These days’ home loans are the best way out for buying a dream home. But many of the loan borrowers have a fear that, will their family be able to bear the burden of EMI if something unexpected happens? Well, if you are thinking along these lines, you are probably worrying too much. In today’s financial world, banks have solution for everything and so in such cases, a Home loan protection plan (HLPP) offers the best solution to all your problems.
What is HLPP?
A home loan protection plan (HLPP) is a plan which covers the outstanding home loan amount with the bank/lender if the borrower faces any critical illness or something unexpected happens to him/her. In short, it can be said that it saves loan borrowers from the risk of becoming a defaulter.
If you take a HLPP, then in such cases, the bank recovers the remaining outstanding amount from the insurance company and does not trouble the borrower family members. However it is not mandatory to buy an HLPP while availing a home loan, the borrower has the power for its acception or rejection.

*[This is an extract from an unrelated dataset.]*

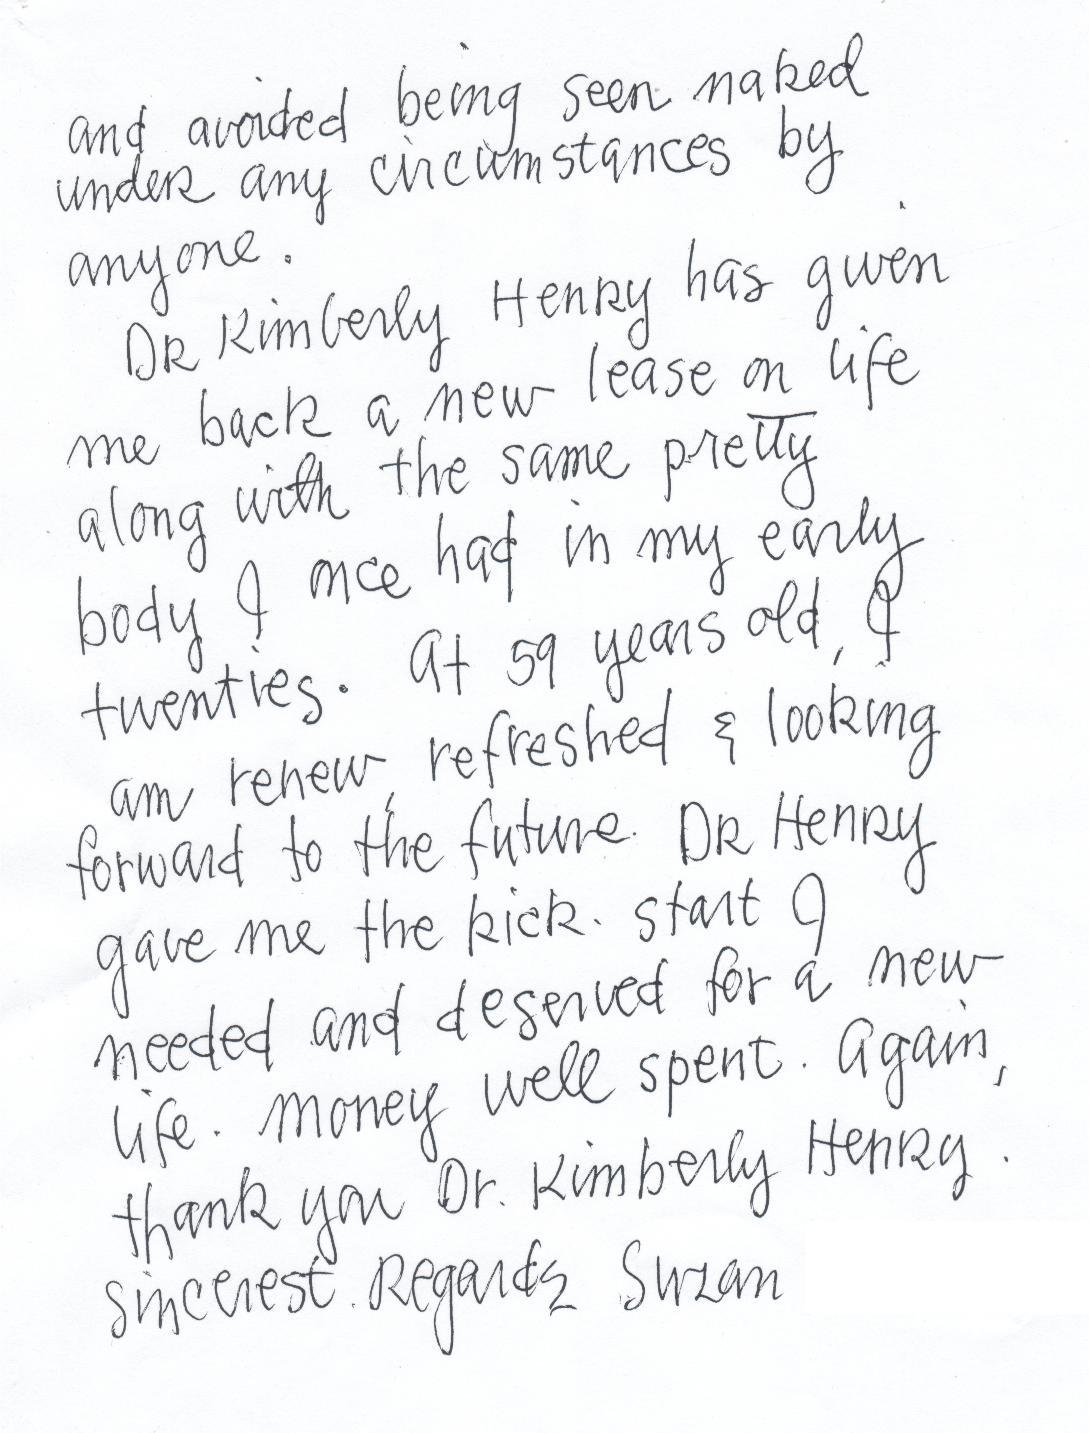 handwritten letter to dr.

On the other hand, if a person is interested in HLPP, there are two options available. One option is to pay the premium as a lump-sum amount in one single payment. The other is to include the HLPP Equated Monthly Installment (EMI) clubbed with the home loan installment.
Being a pure Term Plan, there is no Maturity Benefit in this plan. However, in case of unfortunate death of the loan borrower within the Policy Tenure, the corresponding Sum Assured is paid as Death Benefit to cover the outstanding Home Loan amount.
Types of HLPP
Depending on the type of cover, three types of home loan protection plan are available in the market:
- Fixed cover plans: In this, the cover remains fixed for the entire period.
- Reducing cover plans: Under this plan, the cover reduces along as your liability falls i.e the life cover goes down just like loan’s outstanding principal amount.
- Hybrid Plans: The cover remains fixed for a certain period and then start falling for the remaining period.
According to most of the experts, the reducing cover plan is the best among all three.
Benefits of HLPP
- In case of unfortunate death, the family members don’t have to bear the payment of EMIs. The entire amount due is taken care by the insurance companies who pay it to banks.
- The borrower gets tax benefits under section 80 C of the income tax act.
- A single life cover includes all the borrowers in a joint loan. No need to purchase separate HLPP for the specific borrower.
- Apart from sudden death, critical illness and other disability are also covered under this plan. Diseases covered under HLPP include Cancer, Kidney failure (end-stage renal failure), Primary pulmonary arterial hypertension, Multiple sclerosis, Major organ transplant, Coronary artery bypass graft, Heart valve surgery, Stroke, Myocardial infarction (first heart attack), Coma, Total blindness, and Paralysis. However, this coverage may differ from banks to banks.
Things to remember before applying for HLPP
- In case a person is diagnosed with a critical illness, they have to immediately inform the bank about it. Any failure to do so may result in the bank refusing to accept your request.
- In case the details provided in the papers are found to be wrong at the time of the claim, the request for a cover will be rejected. Check all the details twice because, even if the mistake is made on the part of the bank, the borrower has to bear all the cost.
If a person is already suffering from an illness and hide it with the bank at the time of applying for the policy, then claim for protection will be rejected.